Dr. Giulia Siravegna, from the Candiolo Cancer Institute, demonstrated how to overcome the difficulties in accessing tissue samples from resistant colorectal cancer by using liquid biopsies for our understanding of the heterogeneous molecular bases of secondary resistance to EGFR blockade [55]. The aim of her study was to demonstrate the way liquid biopsies could be exploited to genotype colorectal cancers using circulating tumor DNA (ctDNA), to compare molecular profiles obtained in tissue and ctDNA, identify molecular mechanisms of resistance to EGFR blockade in CRC patients and to monitor clonal evolution during therapy. She addressed the point that tissue-based tumor profiles are subjected to sampling bias, provide only a snapshot of the tumor heterogeneity and cannot be obtained repeatedly. Dr. Siravegna presented her data on 100 CRC patients with 200 samples analyzed (plasma samples and matched tissue DNA) showing 97% plasma-tissue concordance [56]. She presented data showing that ctDNA was used to genotype colorectal tumors and track clonal evolution during treatment with anti-EGFR antibodies, identifying alterations underlying primary and acquired resistance in KRAS, NRAS, MET, ERBB2, EGFR and MAP2K1 genes. Additionally, it was found that mutant KRAS clones that emerged during EGFR blockade declined upon withdrawal of anti-EGFR antibodies, indicating that clonal evolution continues beyond clinical progression [57, 58]. ctDNA profiles of individuals who benefit from multiple challenges with anti-EGFR antibodies exhibit pulsatile levels of mutant KRAS, providing a molecular explanation for the efficacy of rechallenge therapies based on EGFR blockade. Remarkably, ctDNA analyses were instrumental to show that responses to targeted therapies can be driven by distinct resistance mechanisms arising within separate tumor lesions in the same patient [59]. As more trials evaluating targeted therapy strategies designed to overcome specific acquired resistance mechanisms enter the clinic, genomic results from single-tumor biopsies should be interpreted with caution. By contrast, liquid biopsy approaches have the potential to detect the presence of simultaneous resistance mechanisms residing in separate metastases in a single patient and to monitor the effects of subsequent targeted therapies [60].
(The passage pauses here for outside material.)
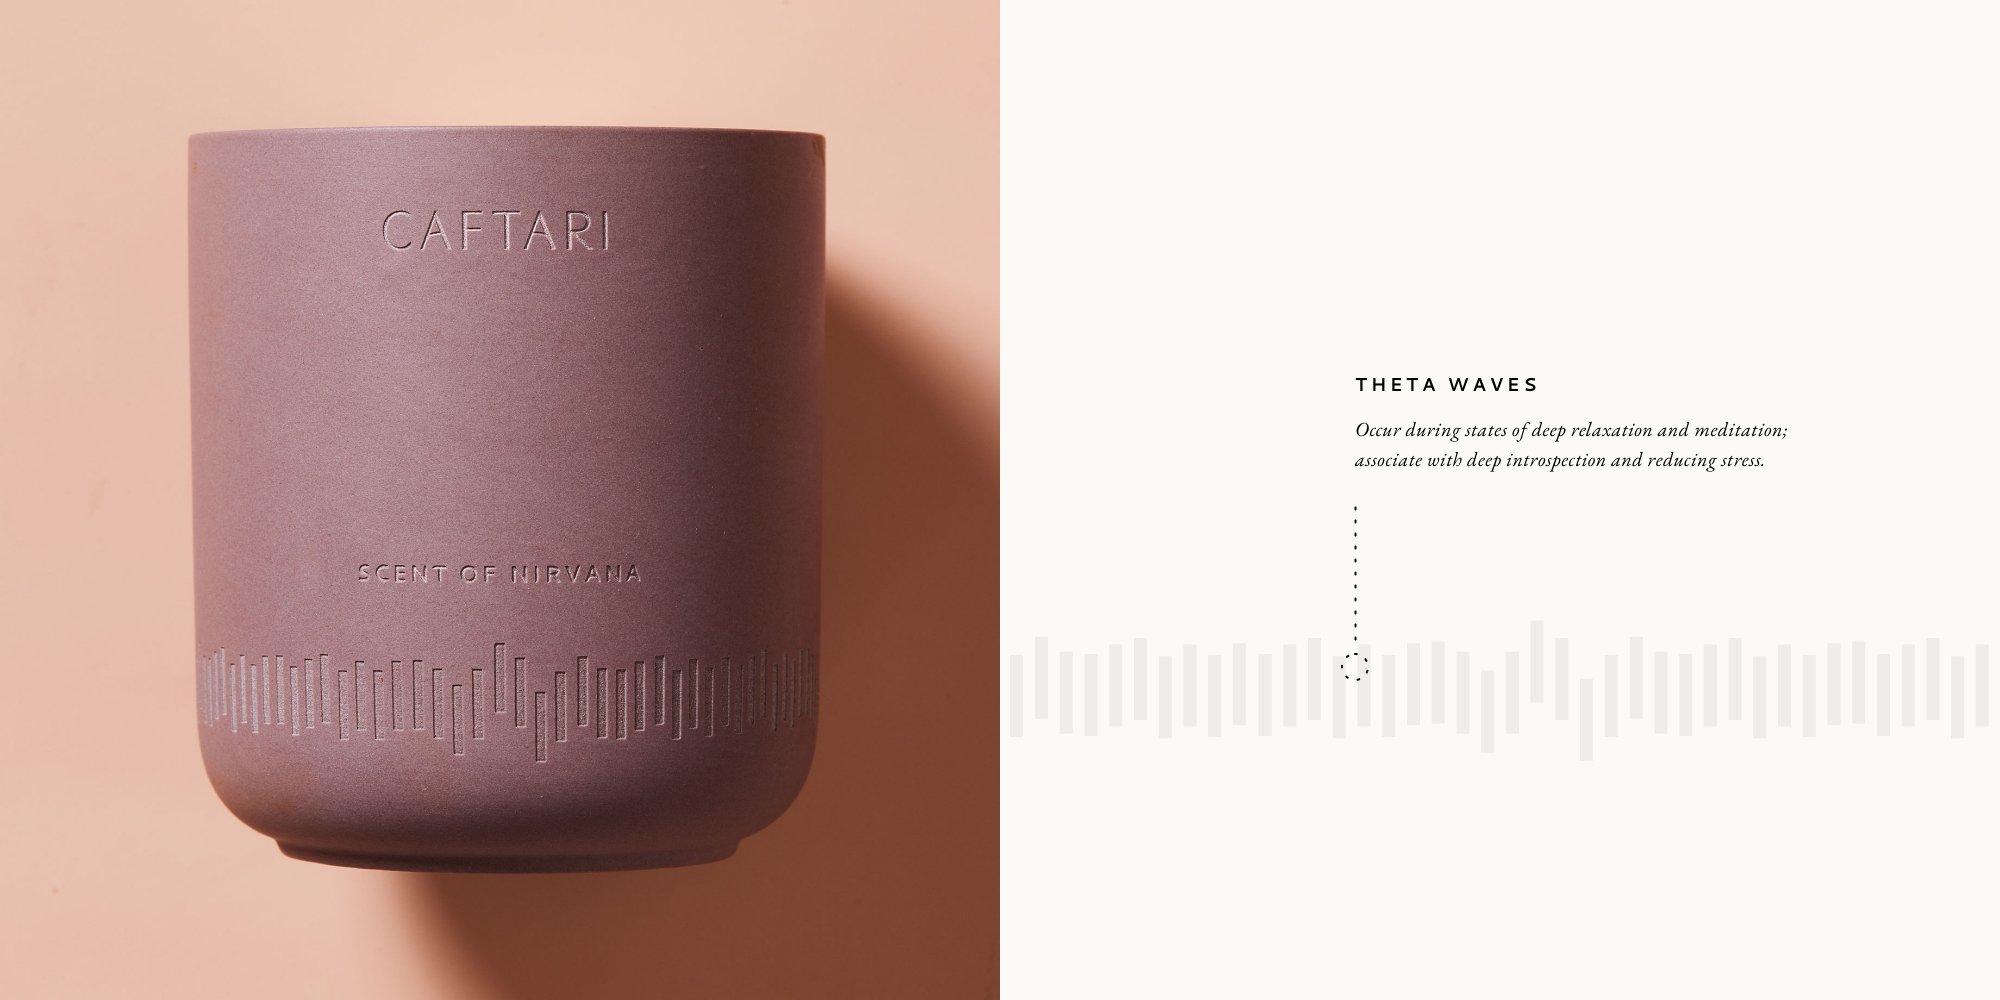 caftari-brand-packaging-design-candle-engraved-nirvana.jpg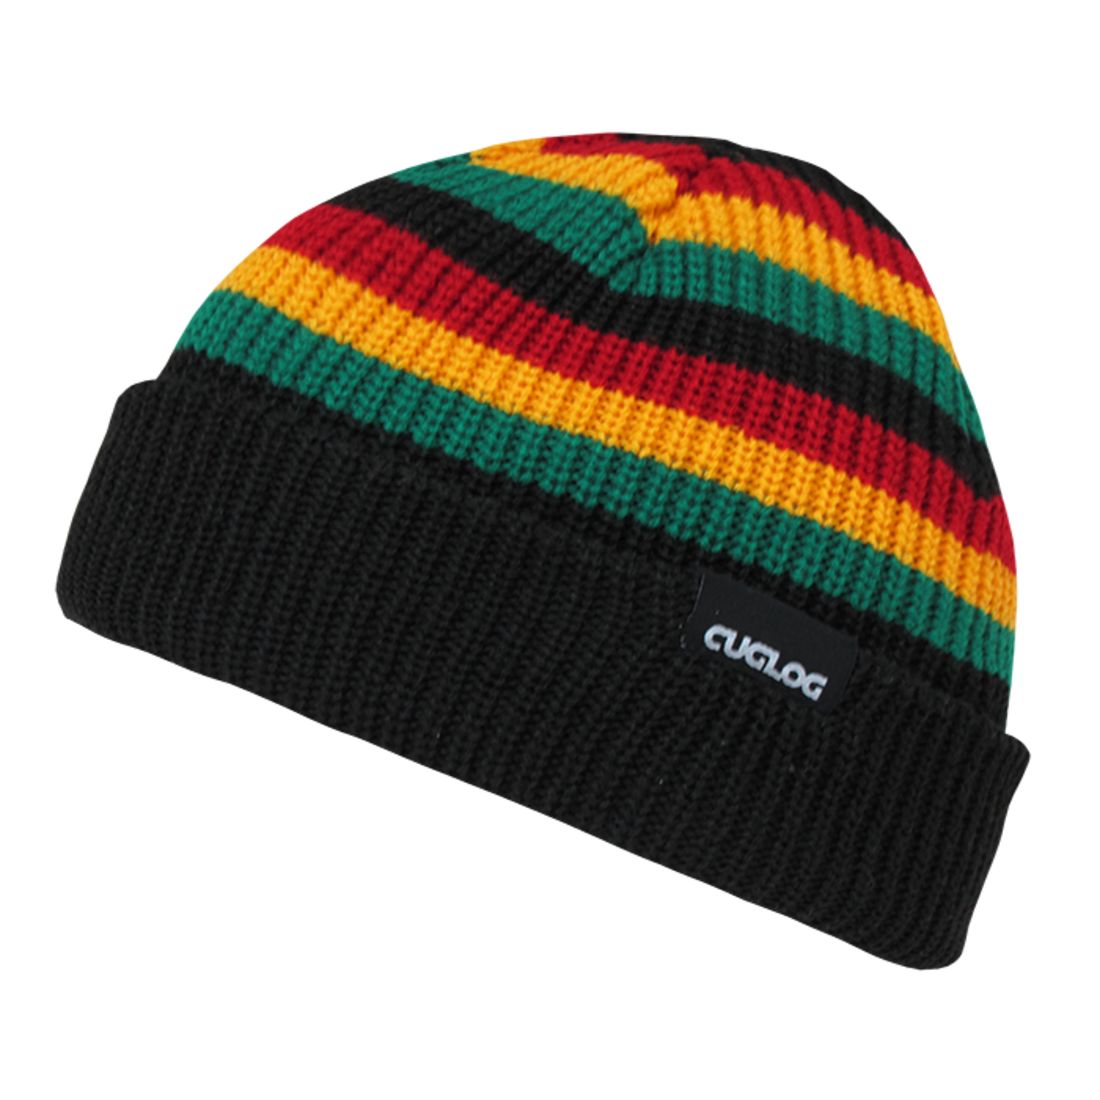 Cuglog K005 Rasta Sailor Striped Knit Beanies Hats Three Tone Winter Ski Caps

Dr. Raskin from the Sheba medical Center discussed his experience with thousands of patient encounters in clinical trials in order to demonstrate the practical use of image-based criteria in the context of randomized clinical trials. Medical oncology depends on an accurate assessment of tumor response to therapy. In the case of solid tumors, radiological imaging has assumed a dominant role in assessing response, because it can provide reliable and mostly objective measurements of tumor size. RECIST (Response Evaluation Criteria in Solid Tumours) is one of a family of systems with definitions and rules for measuring tumours and assigning them to discrete categories of response [61,62,63,64]. RECIST has emerged as the most common methodology for determining response to therapy in the field of clinical trials; its principles may be applied to the general practice of oncology, as well. The results of clinical trials are also of scientific merit, and, therefore, RECIST has become an accepted measure of efficacy both for regulatory approval and for advancing scientific knowledge regarding novel therapies. In this richly illustrated talk, Dr. Raskin examined RECIST and other similar image-based methodologies, with an emphasis on both objective and subjective criteria in assessing tumor response. Specific problem areas, such as non-measurable disease and “pseudoprogression” were addressed.

Best practices in clinical trials

This session focused on the several different aspects of running clinical trials. Lucy Gilbert, McGill University, Canada discussed in depth the challenges in development and approval for diagnostic test in cancer [19].

Marta Arias-Salgado, Regional Head of Global Clinical Trials Operations from Merck, Sharp and Dohme (MSD) elaborated on the aspects of monitoring clinical trials in the era of immunotherapy. The complexity of clinical trials in oncology is well known; furthermore, the era of immunotherapy has significantly added further complexity to trials. Including additional protocol complexity: various companion tests, multiple vendors, numerous manuals and new data requirements. Different interpretation of traditional measures: RECIST vs RECIST 1.1, immune-related RECIST Criteria (irRC), and different flare patterns [60,61,62,63,64]. External environment complexity: number and magnitude of programs with continuous data generation impacting ongoing studies and programs [65,66,67].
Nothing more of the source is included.